Дверь на крыльцо еле выталкивается - снега намело. Но не до того, протаптываешь новую тропку по заметенной ночью старой - и на дорогу, на улицу Выучейского. Идти-то всего три квартала, десять минут, если не отвлекаться - да зимой и не до отвлечений. Нос схватывает, брови отмерзают - Архангельск же, при 23-х сырой ветер с Белого моря потягивает; и вот вкатываешься в двери школы. Большие парни, дежурные, удостоверяются, что тапки у тебя при себе, и пропускают. Идешь вниз, в подвал, в раздевалку. А там эти тапки, промороженные как треска, надо на ноги напяливать. Тапки настолько проморожены, что их хоть молотком лупи, на ногу не лезут. Нет, когда уж совсем холодно, сжаливались над нами власти, и можно было сидеть в классе в валенках. В валенках-то хорошо, конечно. Я их так до пятого курса и  носил, пока не женился. Бывалоча, Алена Павловская спросит у Оли Сажиной - а что это Патрышев в валенках ходит, он что, на голову слабоват? Нет, отвечает ей Оля Сажина, это потому, что он очень умный. А я просто с детства от холода настрадался - да и кто, в самом деле, от большого ума валенки носит?

И вот мы этот первый класс оканчиваем. Что в семь лет год, то в 49 - семь лет, верно ведь? И конечно, отбарабанив такое, начинаешь уже чувствовать себя образованным, в общем-то взрослым человеком. А я, тем более, в библиотеку ходил (записался я было и в кружок вышивания, да там такие огромные парты, что ни черта вожатую не видать, я и бросил это дело - унизительно же все-таки); год в библиотеку ходить - не шутка; не было такой темы, чтобы я не знал. Устройство вселенной - досконально. Историю человечества - тем более. Не забуду, как впаривал бабушке, что, мол, сто лет назад люди были еще обезьяны, а потом постепенно превратились в людей. А до обезьян они были ящерами (слово "динозавр" тогда еще не доминировало в дискурсе), а до ящеров - рыбами.
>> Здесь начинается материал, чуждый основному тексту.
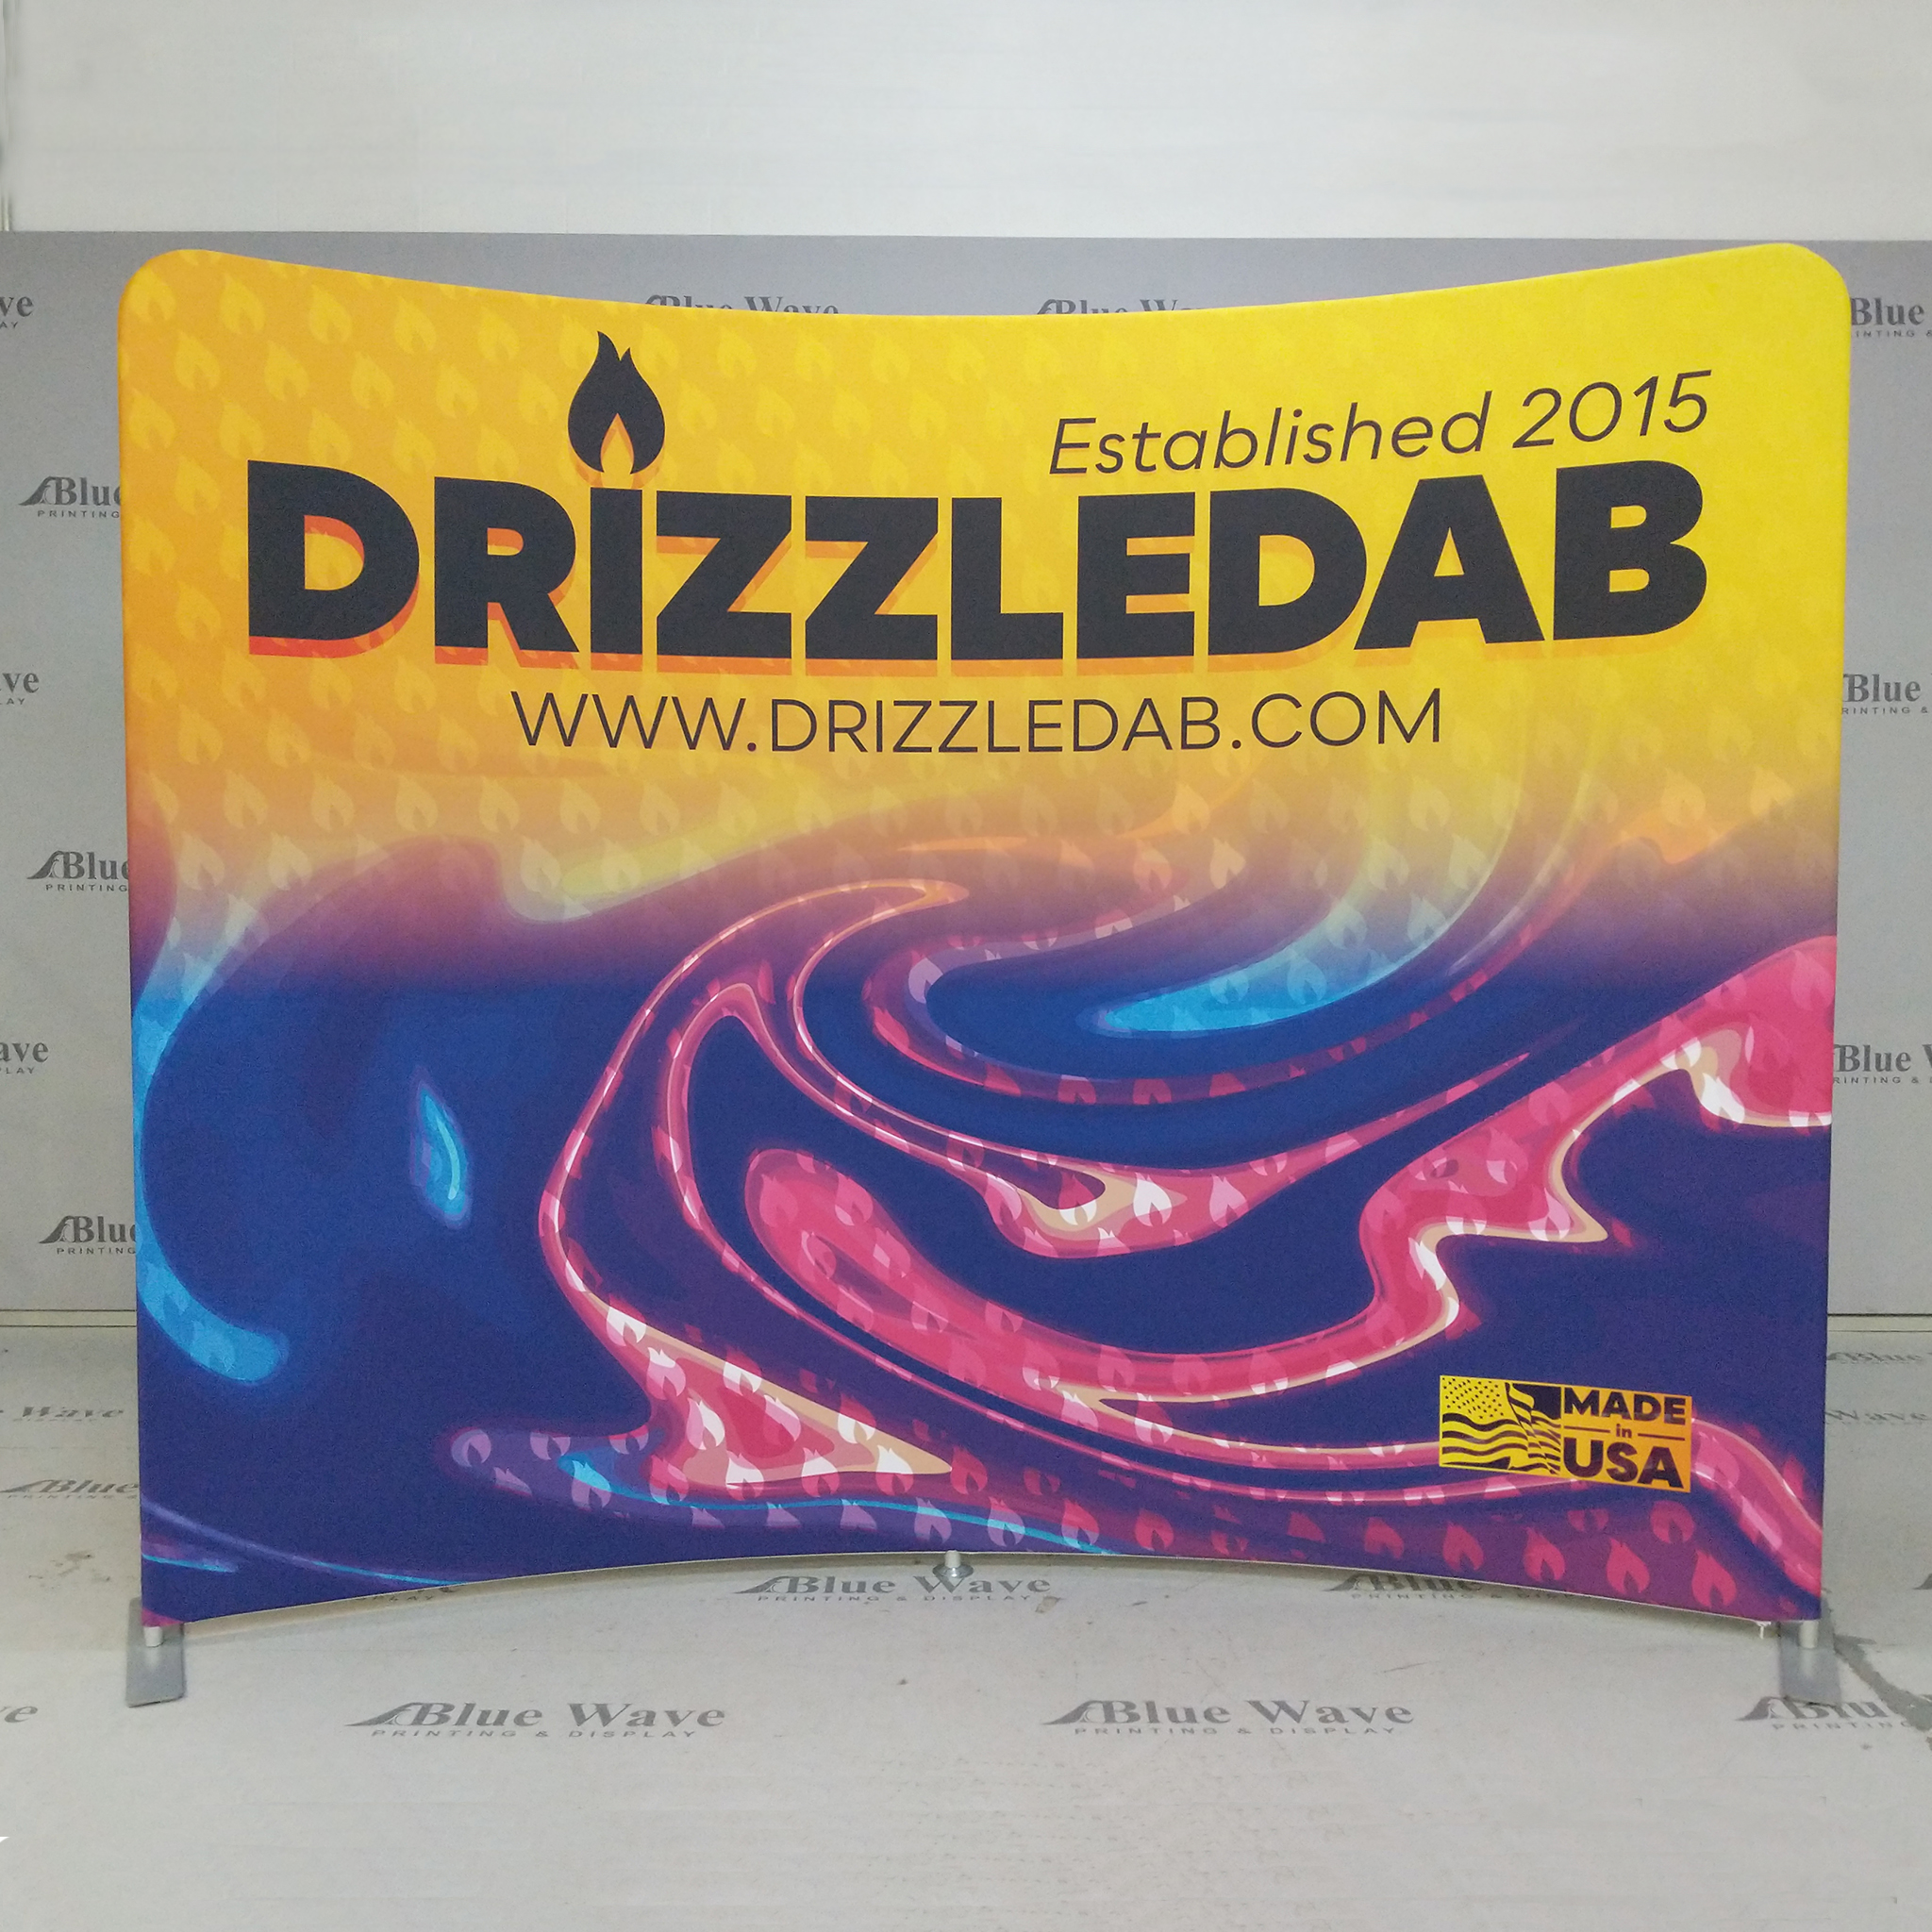 a trade show banner for the CBD manufacturing company Drizzle Dab
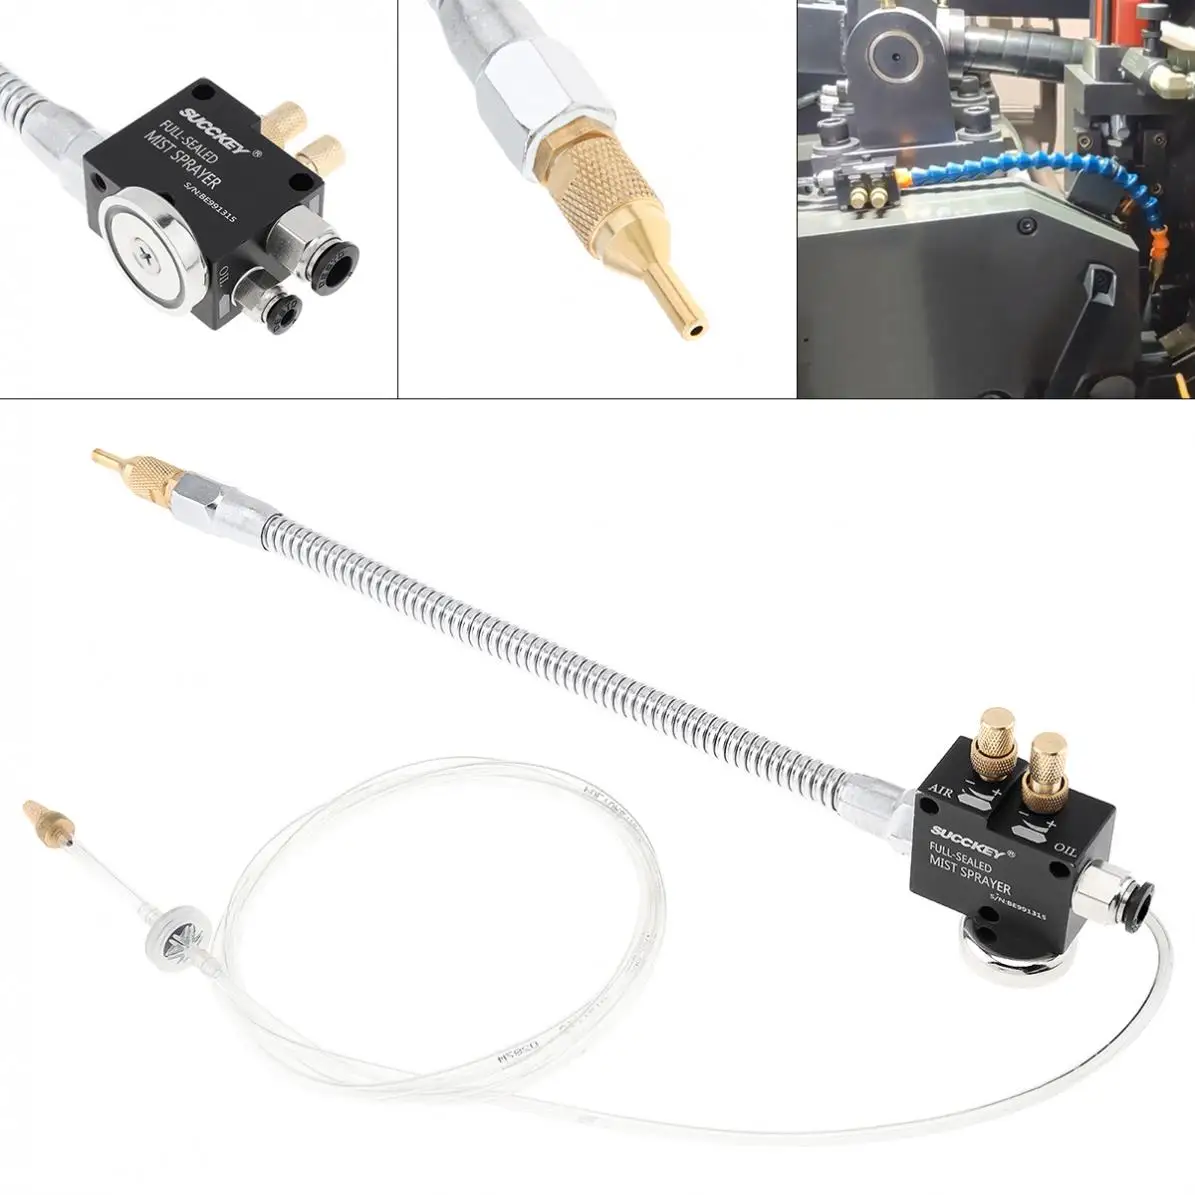 

Precision Mist Coolant Lubrication Spray System with Adsorbable Magnetic Base for Metal Cutting Engraving Cooling Machine

Вот тогда-то, по окончании первого класса, и допустил нас с Ленькой Петр Арефьевич Карельский, сухопутный боцман, вес 110 кило (нынче - плевое дело, а тогда было редкостью), допустил он нас до лодки-двойки, на каких курсанты тренируются, и гоняли мы с Ленькой на двойке среди льдин по Двине. Спасжилетов тогда не было, были спасательные круги - да какая разница, на Двине среди льдин! А летом повезла меня мать в Москву, к двоюродной моей сестре Зине в гости. От Архангельска до Москвы 1041 километр, это полторы сутки ехать. Последние триста километров - санитарная зона, в туалет нельзя. Поэтому часов за шесть до этой самой зоны мать ко мне стала приставать с перерывами в десять минут - "писать хочешь? поди сходи, а то закроют потом". Я сижу, читаю книжку, а мне опять - "писать хочешь? поди сходи, а то закроют потом". Взрослый же практически человек - а спрашивают, не хочу ли писать. Нет, ребята, кто этот кошмар не пережил, тому и не понять.